### DIRECTIONS
Could you copy the records below exactly, keeping none of the images?

Stored data entries:
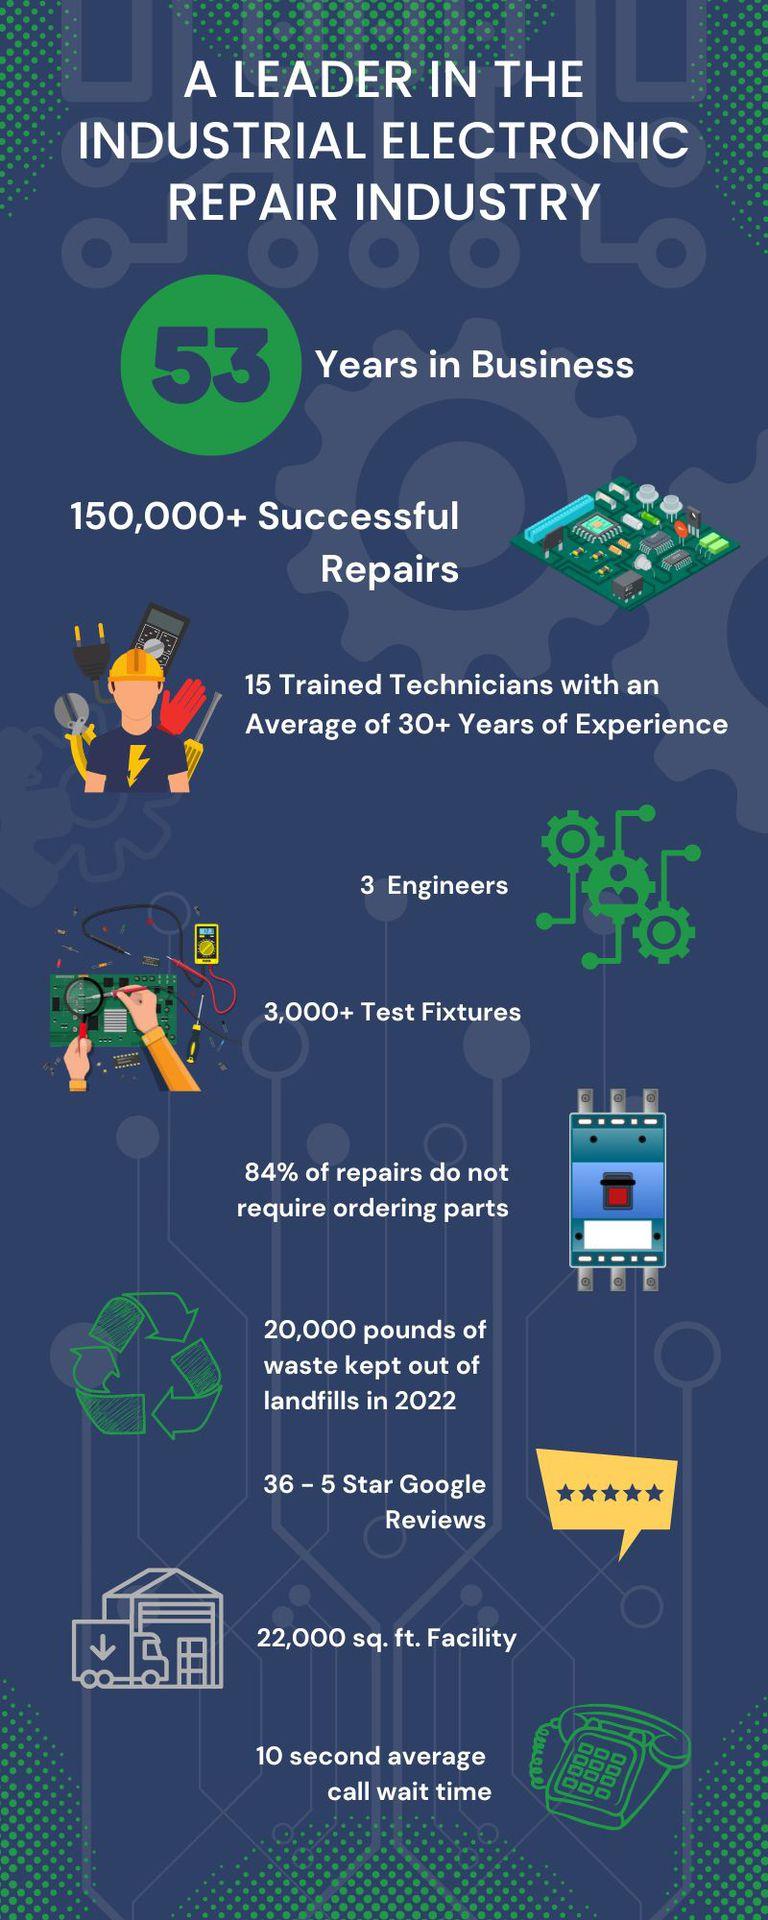 Inforgraphic with info from Control System Labs: 53 years in business, 150,000+ successful repairs, 15 trained technicians with an average of 30+ years of experience, 3 engineers, 3,000+ test fixtures, 84% of repairs do not require ordering parts, 20,000 pounds of waste kept out of landfills in 2022, 36 5-star Google reviews, 22,000 square foot facility, 10 second average call wait time.
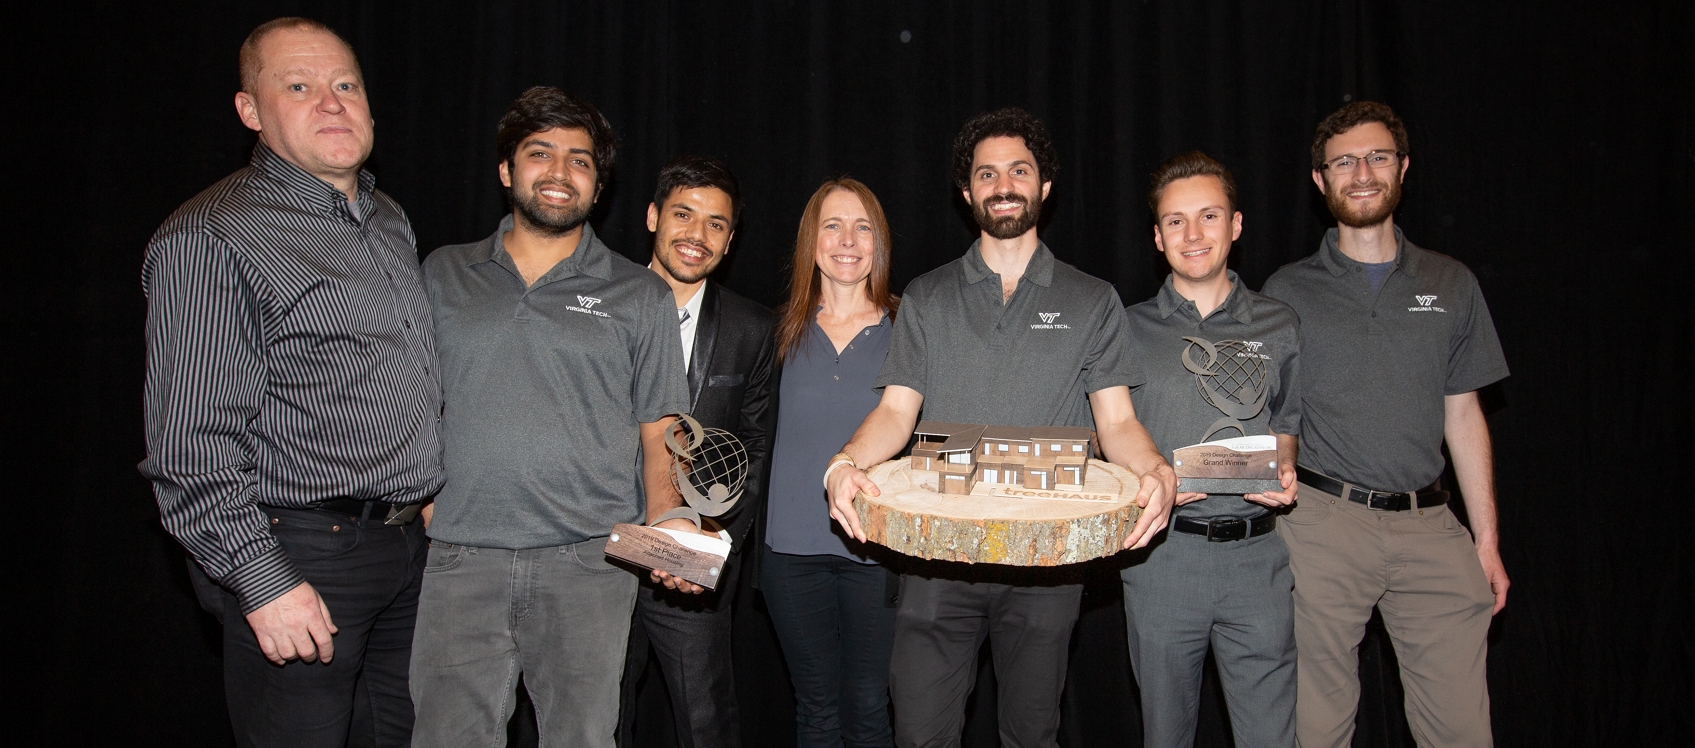 Photo of the winners of the 2019 Design Challenge. There are seven individuals posing with two trophies and a model of their winning design.
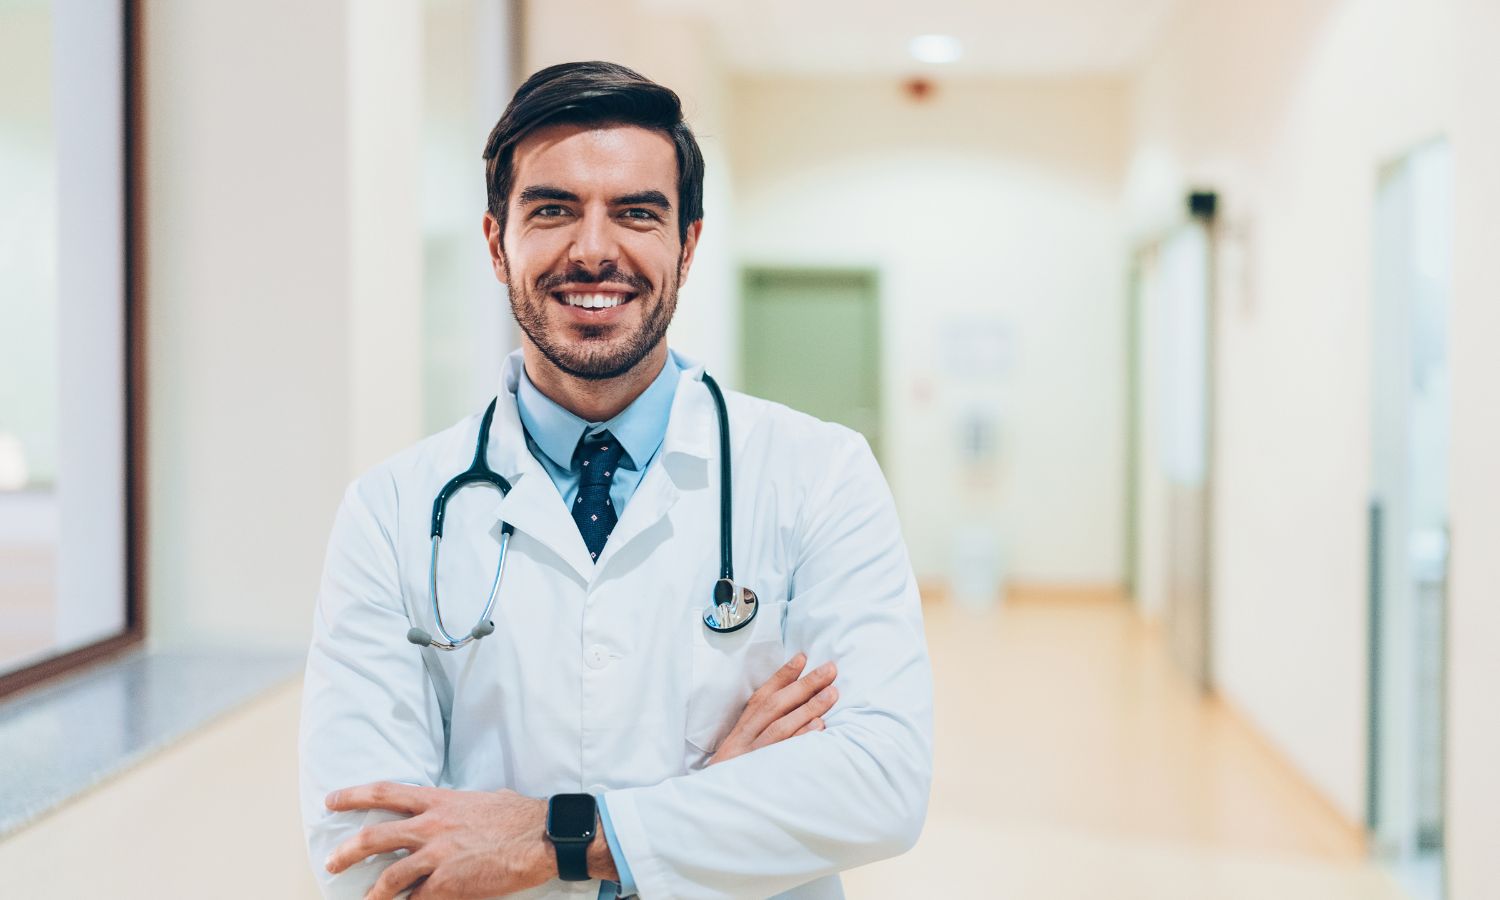 How to Find a Good Doctor
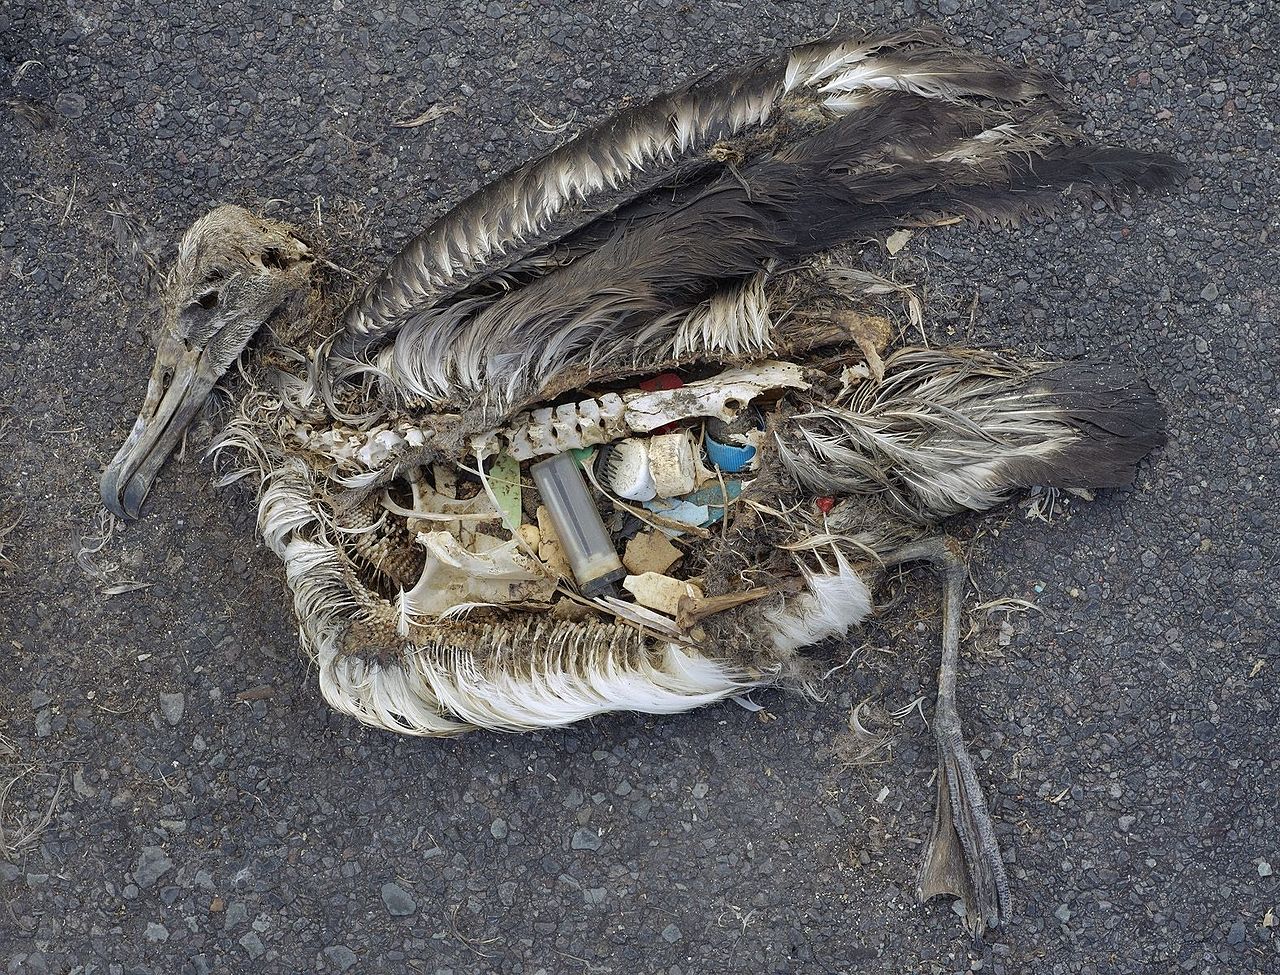 Image of Albatross chick who died from ingestion of plastics.
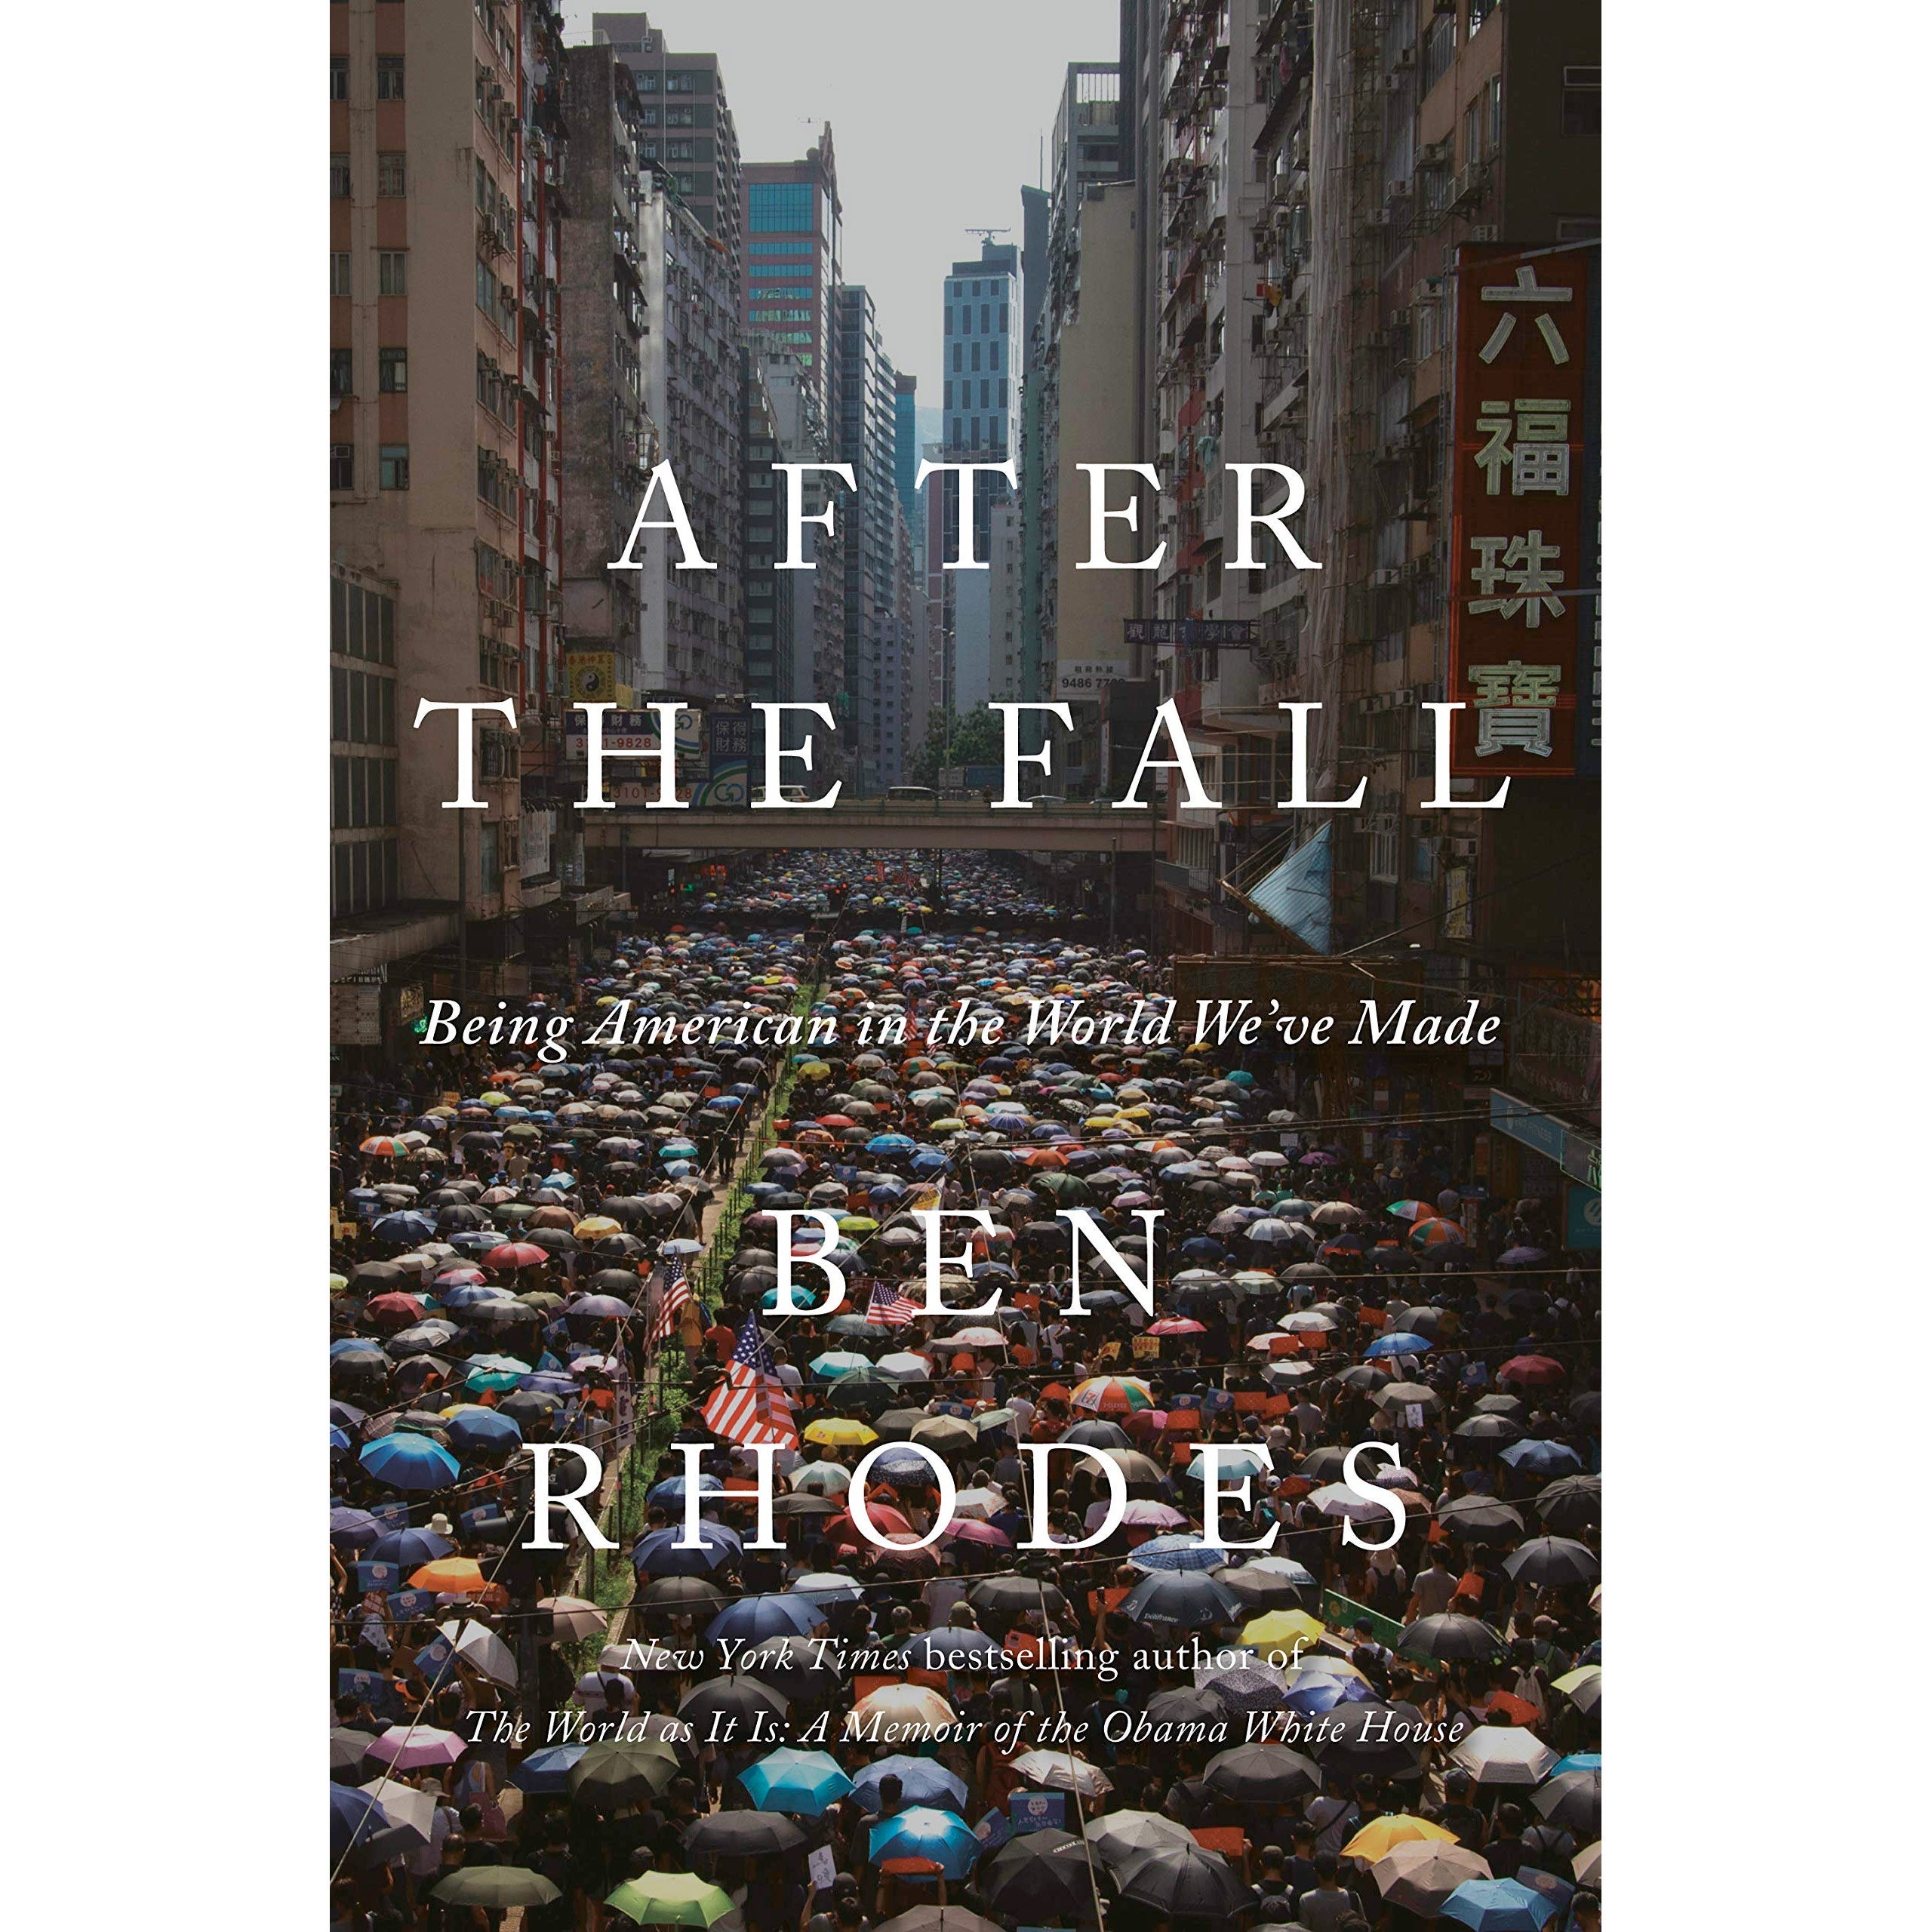 After the Fall book cover featuring a sea of protesters under umbrellas in Hong Kong

### RESULT OF THIS TASK
 Inforgraphic with info from Control System Labs: 53 years in business, 150,000+ successful repairs, 15 trained technicians with an average of 30+ years of experience, 3 engineers, 3,000+ test fixtures, 84% of repairs do not require ordering parts, 20,000 pounds of waste kept out of landfills in 2022, 36 5-star Google reviews, 22,000 square foot facility, 10 second average call wait time.
 Photo of the winners of the 2019 Design Challenge. There are seven individuals posing with two trophies and a model of their winning design.
 How to Find a Good Doctor
 Image of Albatross chick who died from ingestion of plastics.
 After the Fall book cover featuring a sea of protesters under umbrellas in Hong Kong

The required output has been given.